The strain-stress relationships for coherent in-plane strain in heterostructures with monoclinic crystal systems: β-(AlxGa1-x)2O3 on (h0l) β-Ga2O3 as example

We derive the relationship between the state of strain and stress in pseudomorphic epitaxial layers on a substrate with differing equilibrium lattice parameters under symmetry conserving conditions for the case of monoclinic crystal symmetry. We compare surface vectors across the template epitaxial layer interface and impose conditions of a stress-free epitaxial layer. As a result, we demonstrate the existence, in theory, of up to three possible unit cells that can establish on a given template. We demonstrate this approach for a special case of symmetry-conserving strain for a class of templates with (h0l) surface orientations. We use β-(AlxGa1-x)2O3 on (h0l) β-Ga2O3 as an example. We discuss the effects of composition x and surface orientation on the formation of three elastically stable unit cells, their strain and stress tensors, unit cell axes, unit cell volumes, lattice spacing, elastic potential energies, and stress-free directions. The previous paradigm for epitaxial layer growth where the only stress-free direction is perpendicular to the growing surface is not generally valid for low-symmetry materials. In the example here, we find that in addition to the stress-free growth direction for crystallographic planes with low Miller indices, two possible competing domains can exist with stress-free direction oblique to the surface of the template for almost all planes (h0l).
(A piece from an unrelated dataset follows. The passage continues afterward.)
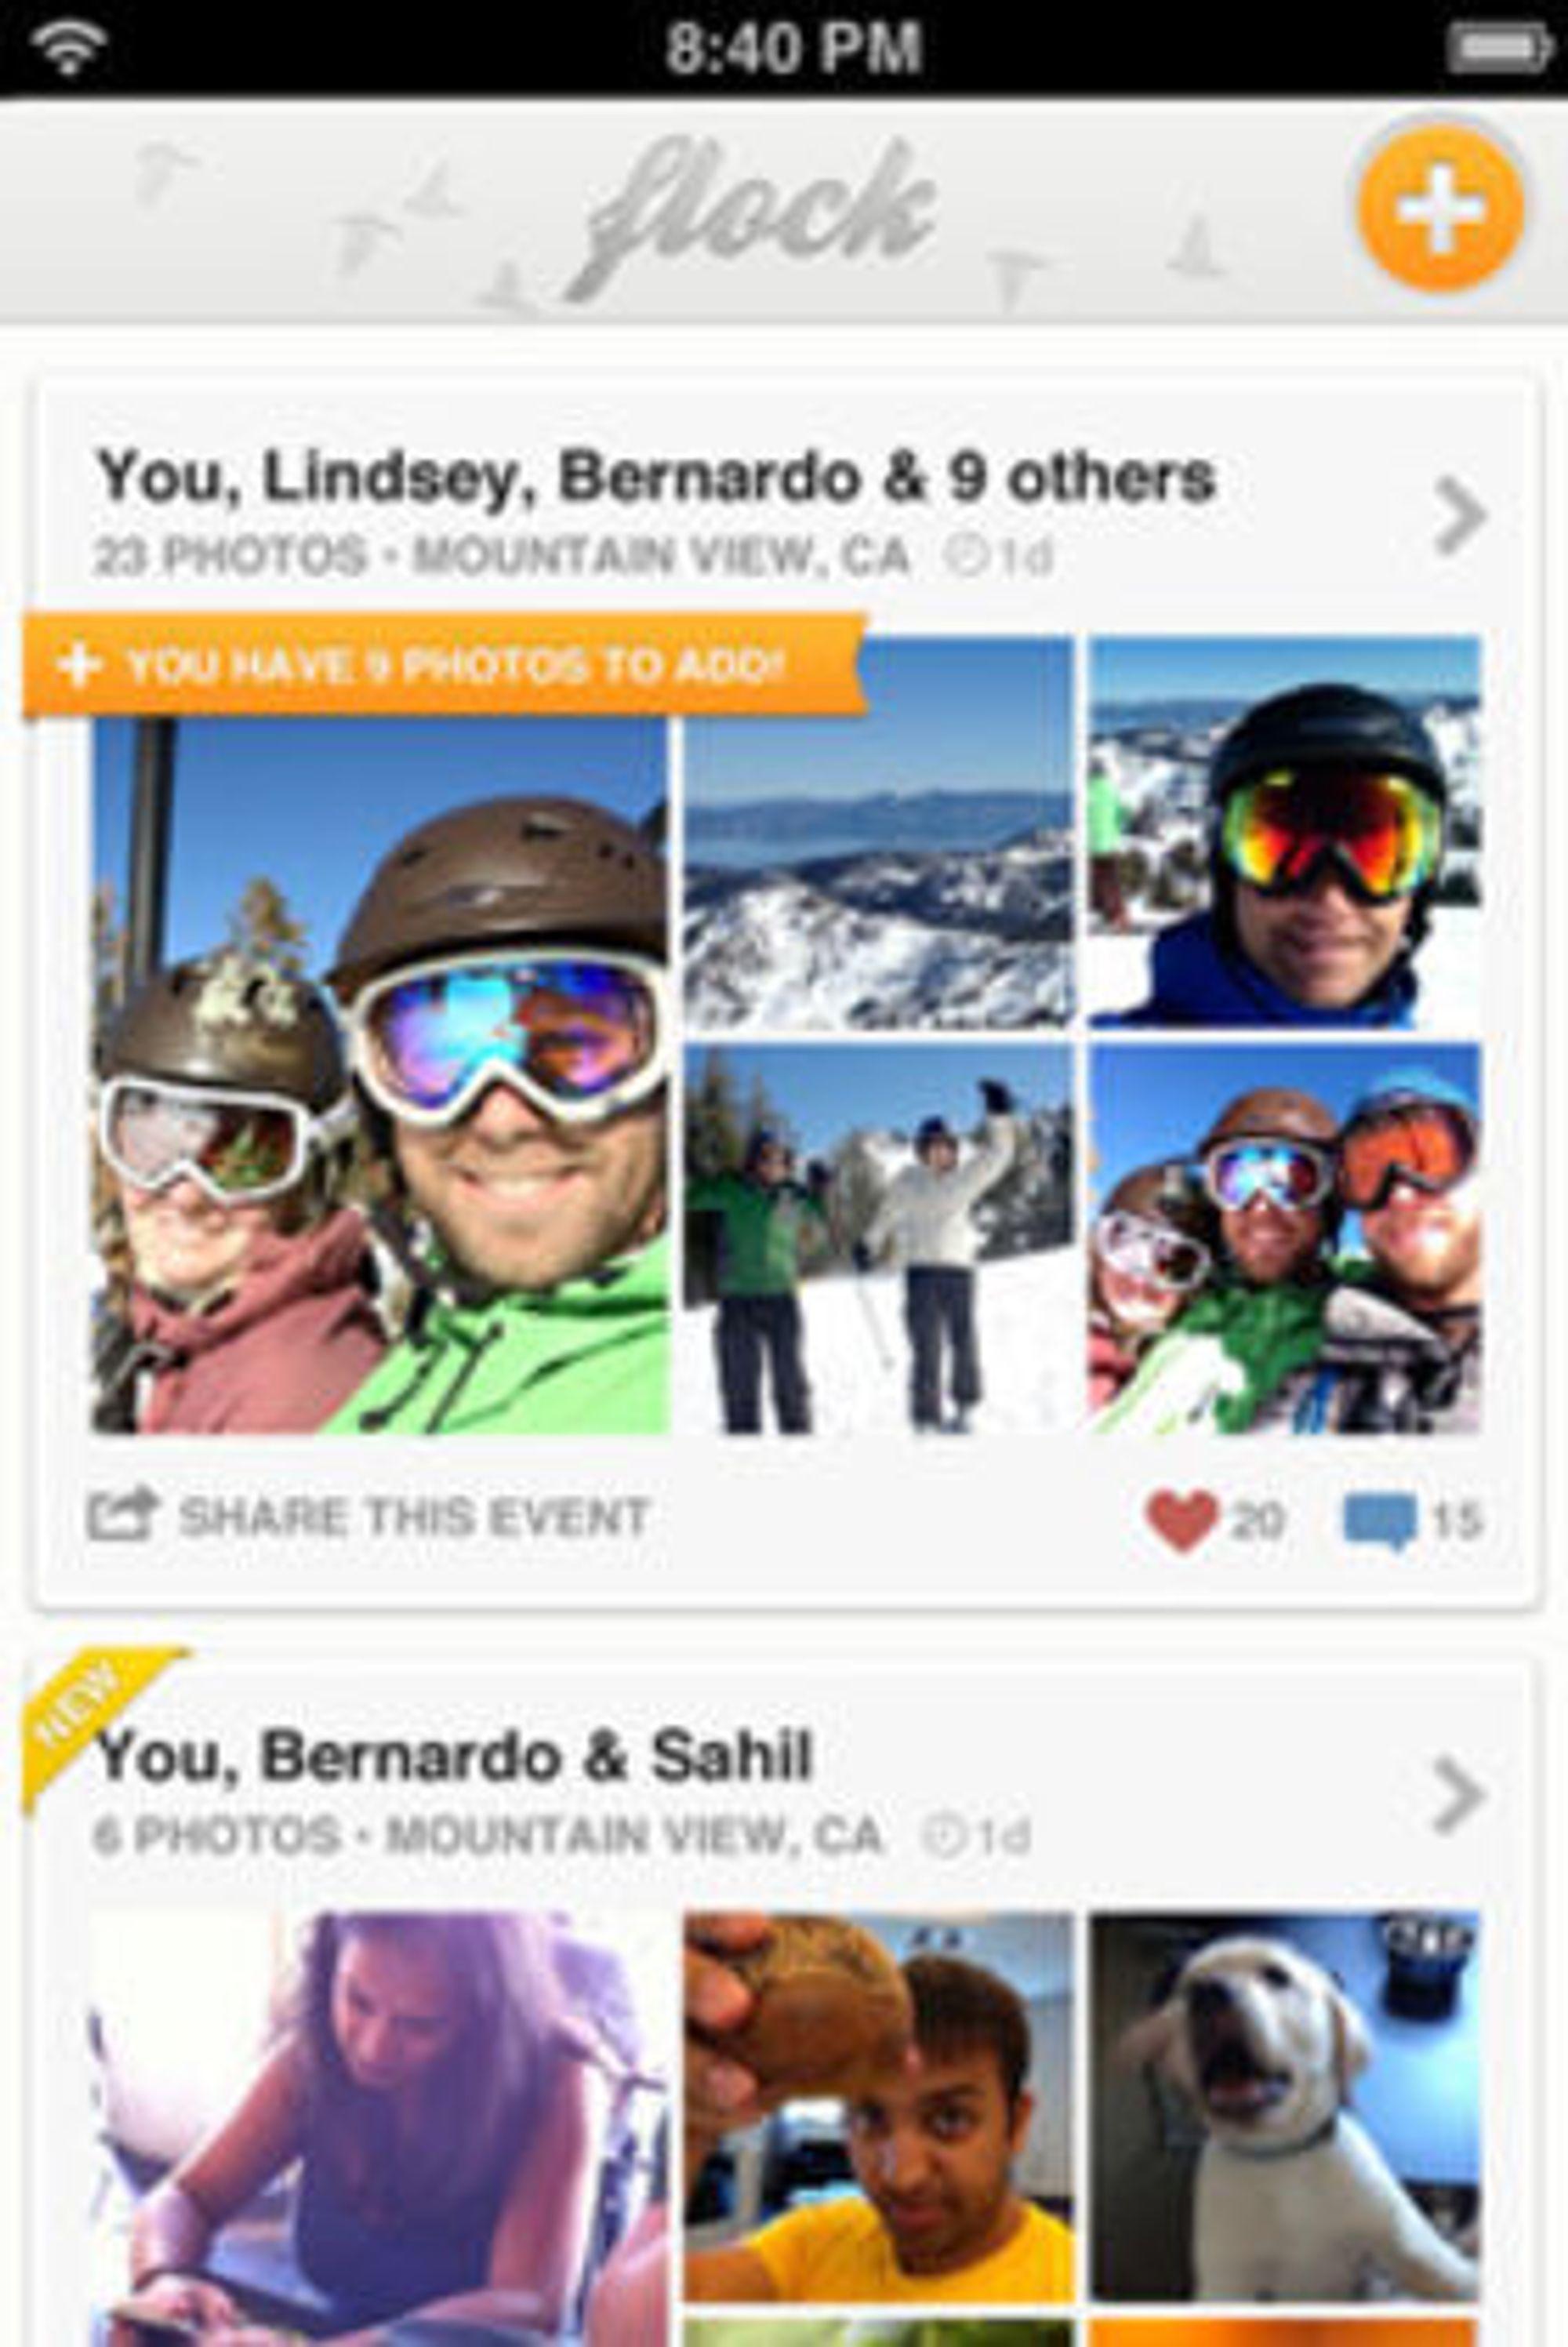 Bildetjenesten Flock ble lansert i fjor. Det kan være denne tjenesten Google er mest interessert i, spekulerer TechCrunch.
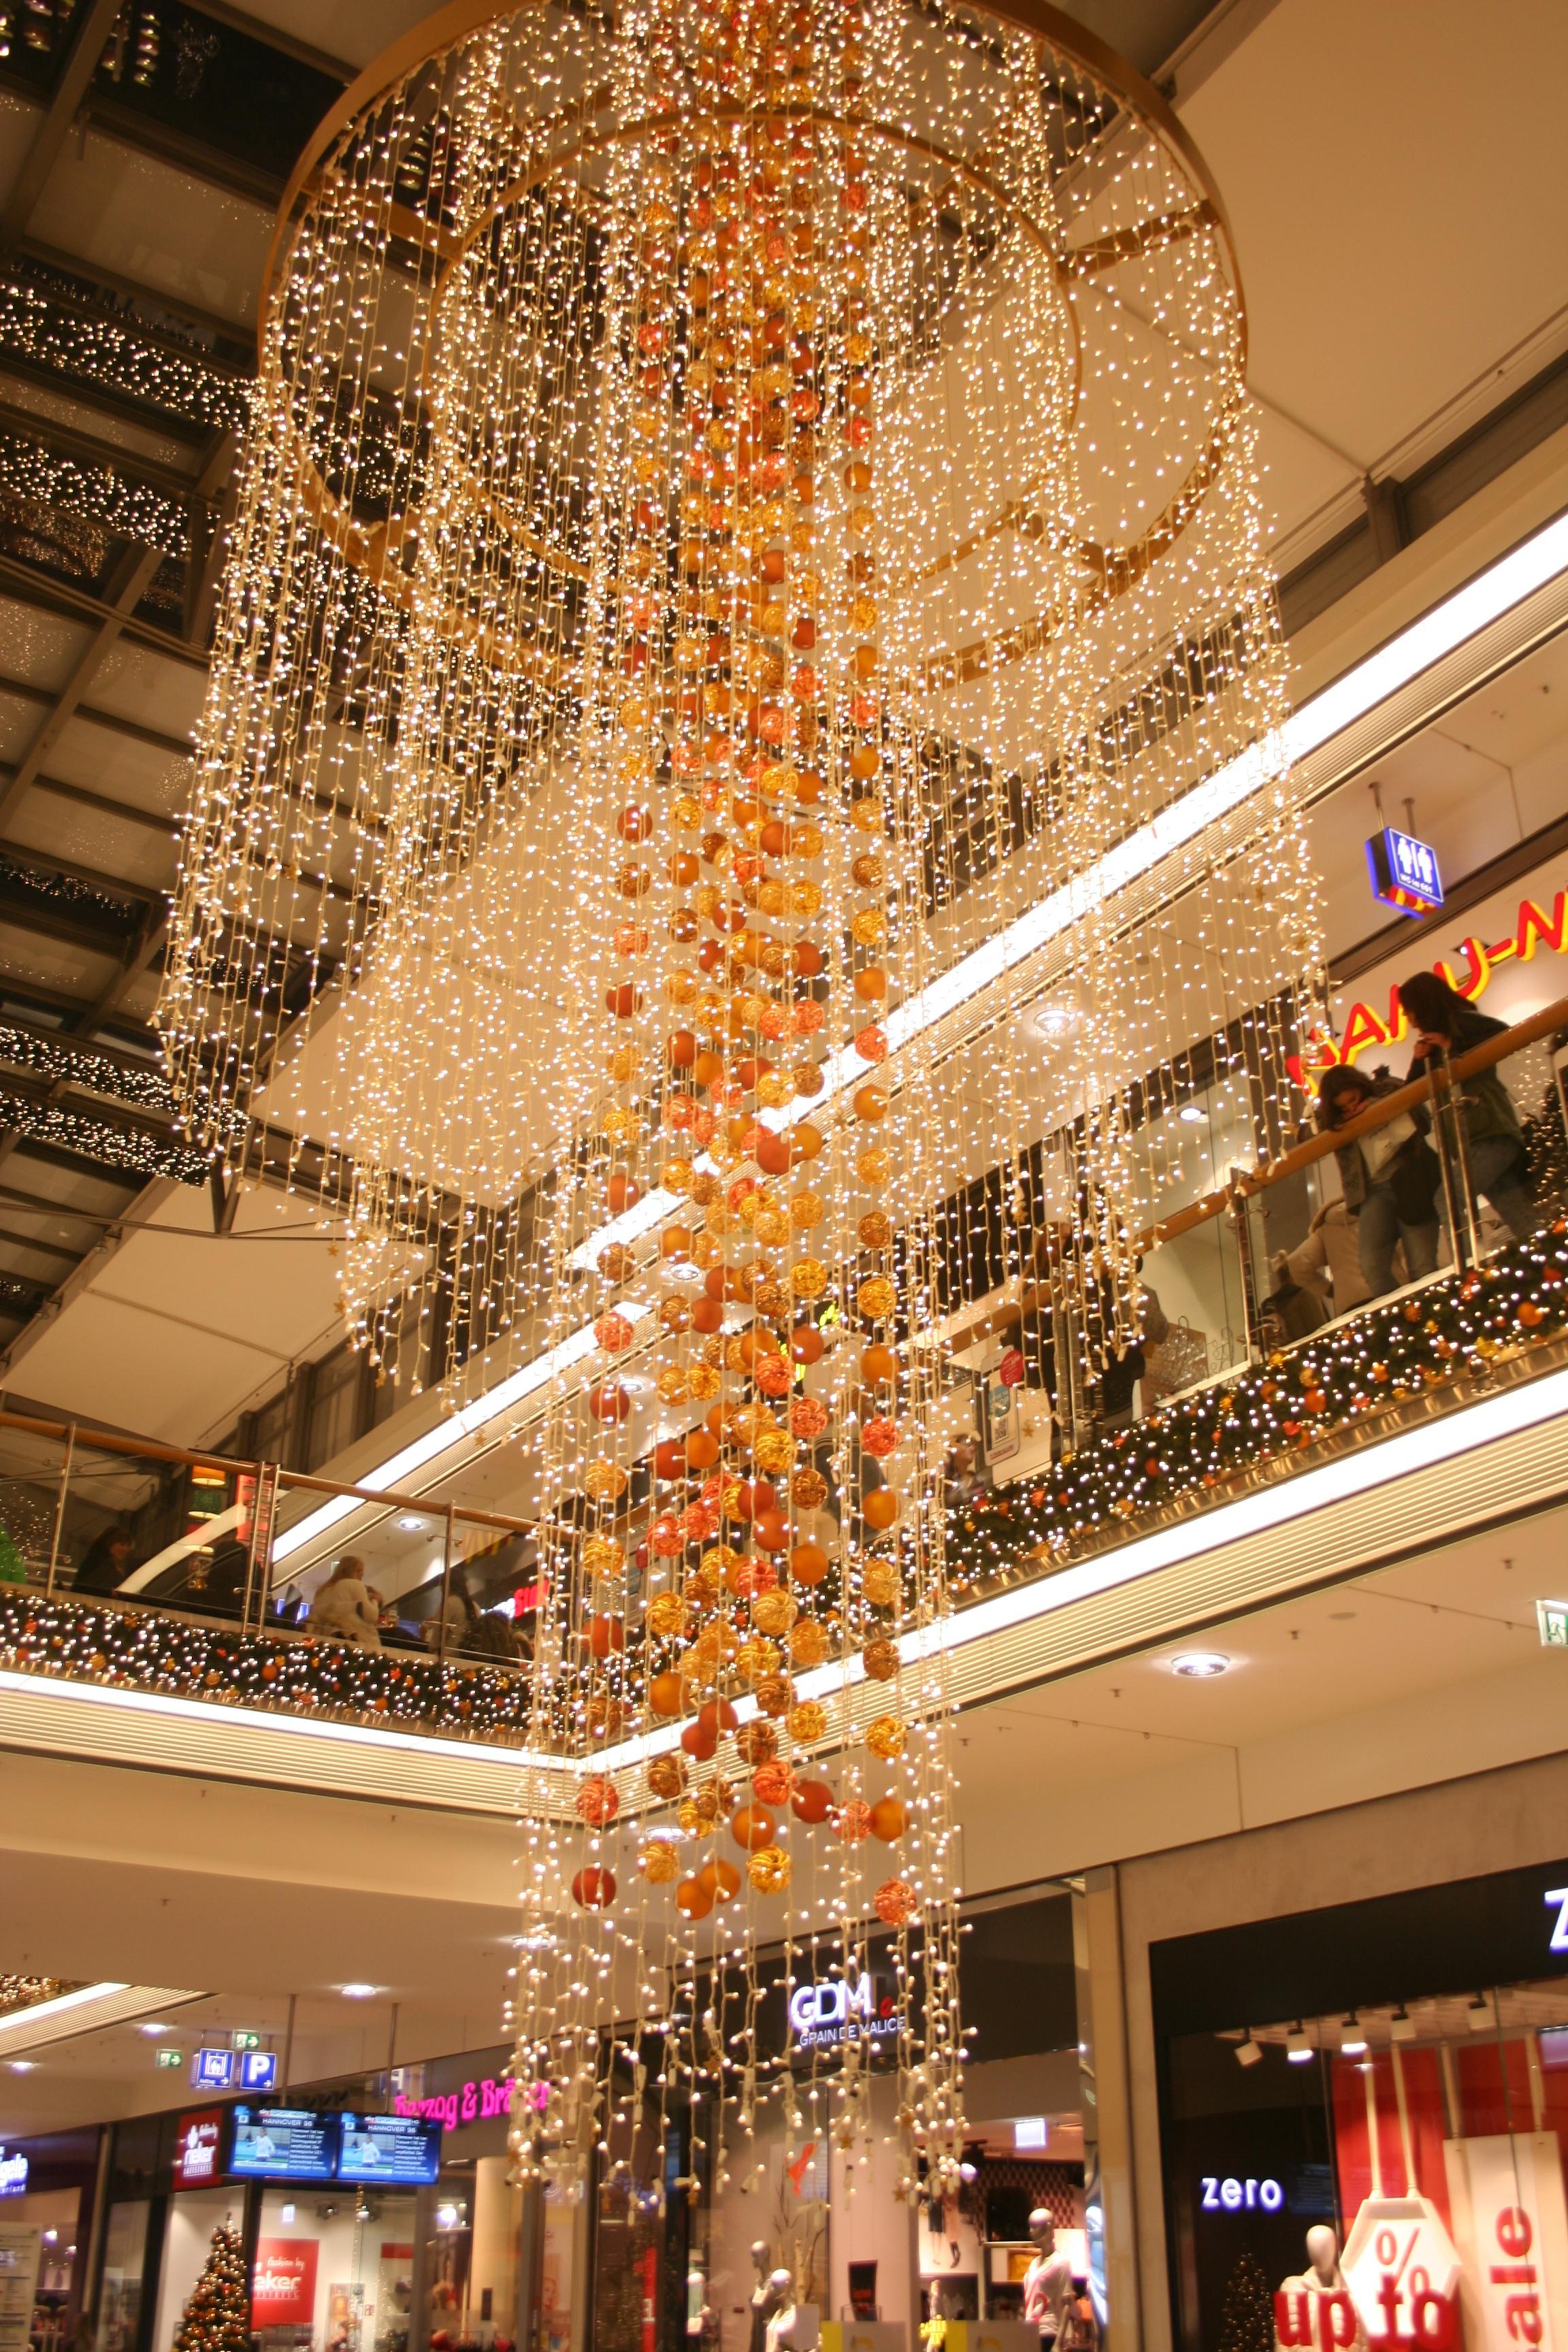 ligero centro de la ciudad decoracin fiesta compras navidad iluminacin decoracin rbol de navidad diseo de

We further demonstrate the effect of the orientation-dependent differently strained domains and calculate the strain-shifted anisotropic band-to-band transitions for β-(Al0.1Ga0.9)2O3 on (h0l) β-Ga2O3. We also provide examples for X-ray diffraction analyses which may help guiding the search for the occurrence of such differently strained unit cells in epitaxial layers grown by experiment, here by taking the (-201) surface orientation as case for demonstration.